One can now immediately understand why the loop was cycling in automatic when the setpoint was very low, as soon as the flow dropped below 12%, the PV dropped to zero, so the controller then opened up the PD to open up the valve to bring the flow up . Once the flow got back past the 12% and past the set point, the controller then tried shutting the valve to bring it down, which closed the PV down again and so it went on.
One must always ensure that the basics are correct. The first thing here to check on is what type of measurement technique was being used. In this case it was an orifice plate with a transmitter measuring the differential pressure across it. This type of measurement is one that goes back over several centuries, and is still commonly used. Any C&I practitioner will have studied the technology. There are many international standards dealing with it. However to my amazement I find that time and time again people are ignoring the basic rules, and seem to think that because these days we are using “smart” (computerised) transmitters that the basic rules can be ignored.

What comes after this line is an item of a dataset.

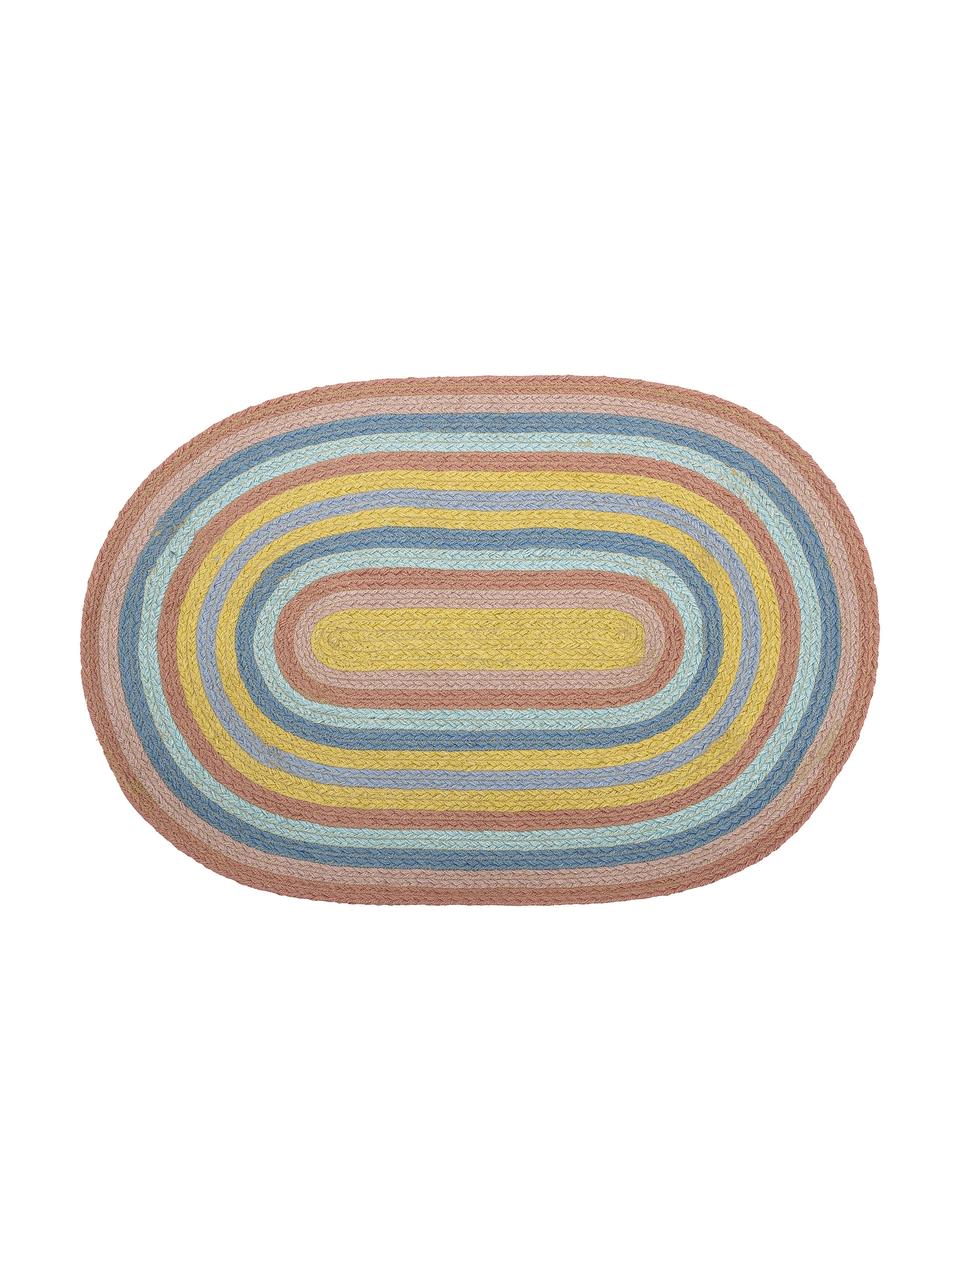 Owalny dywan z juty Ralia, 100% juta, Wielobarwny, S 75 x G 50 cm

One of the general rules on differential head flow measurement particularly using orifice plates as the primary element is that they should never be used when the flow drops below 25%. In fact one of the standards actually recommends a lower limit of 33%. However over many years it has been accepted that for control purposes a lower limit of 25% is acceptable.
There are many reasons for the low limit, one of which is that the flow is proportional to the square root of the differential pressure, which means very tiny differential pressure values at low flows, but there are other factors including the fluidic behaviour at low flows. In certain cases on certain fluids low readings can be completely wrong, let alone very inaccurate.
To try and prevent use of the transmitters at very low flows most manufacturers of differential pressure transmitters have a low flow “cut-off” incorporated into the transmitter, which these days the user can set. This is the reason why in this case the transmitter was cutting off at 12%.
As can now be seen the problem here was incorrect flow measurement. No tuning can overcome the problem.